Proc SQL is a good one, proc means is another.
Proc sql;
Create table want as
Select id, max(treatment_yes) as treatment, max(ca_yes) as ca, max(dc_yes) as dc, sum( calculated treatment, calculated ca, calculated dc) as number_vars
from have
Group by id
Having calculated number_vars=3;
Quit;
proc sql;
create table want as
select
client_id,
max(treatment_yes) as treatment_yes
max(ca_yes) as ca_yes,
max(dc_yes) as dc_yes
from have
group by client_id
;
quit;
Thank you both!
For some reason when I was trying both of your proc sql codes I kept on getting a syntax error.
What I ended up using was this:
proc sql;
create table temp_collapse as
select distinct mrn,
sum(tx_yes) as tx_yes,
sum(ca_yes) as ca_yes,
sum(dc_yes) as dc_yes
from collapsed_data
group by mrn;
quit;
thanks!
Yeah, I mistakenly omitted a comma from my code. Comes from not testing 😞
Thanks Kurt!
I actually couldn't figure out where the comma was left out. I tried many variations of your code.
Just so I can learn, where should the comma have been?
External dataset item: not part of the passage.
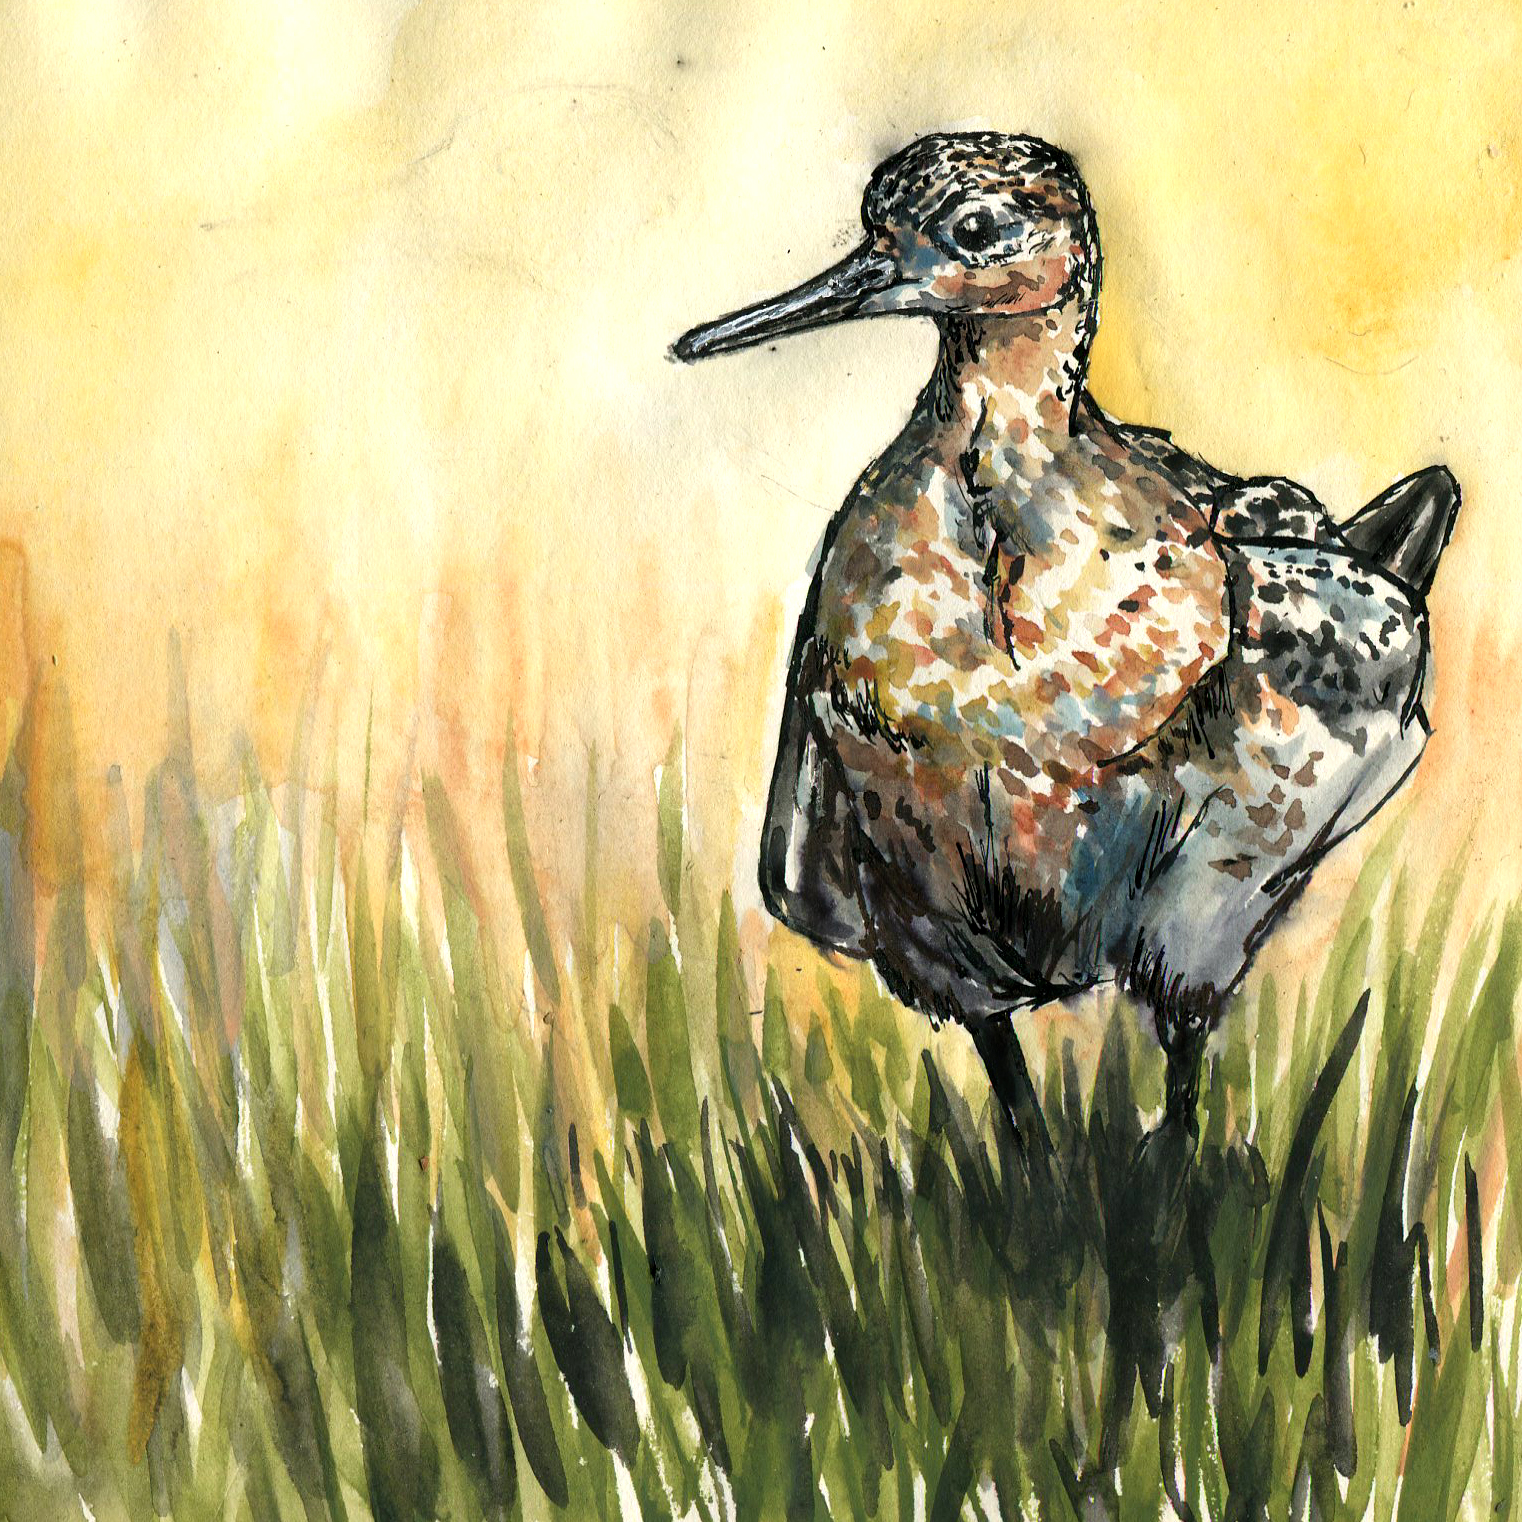 331. Buff-breasted Sandpiper

It looks identical to the code I used in terms of syntax the only difference being I used the word DISTINCT. I thought maybe this was why you code wasn't working.
In my code you would need WHERE instead of HAVING.
In SQL, commas are needed to separate members of lists.
In a select, the elements need to be separated by a comma, but at the end (before the keyword from) there must be no comma, as a different part of the statement begins.
In my style of writing (every element on its own line) there should be a comma on every line of the select part, with the exception of the last.
weird...my code didn't require a comma after each select line (as you can see from above in my solution).
Anyways, thanks very much!
Each item in select statement has a comma except for last.
Your solution does have this.
From your code snippet:
select distinct mrn,
sum(tx_yes) as tx_yes,
sum(ca_yes) as ca_yes,
sum(dc_yes) as dc_yes
You can see the commas, and the (correctly) missing comma in the last line.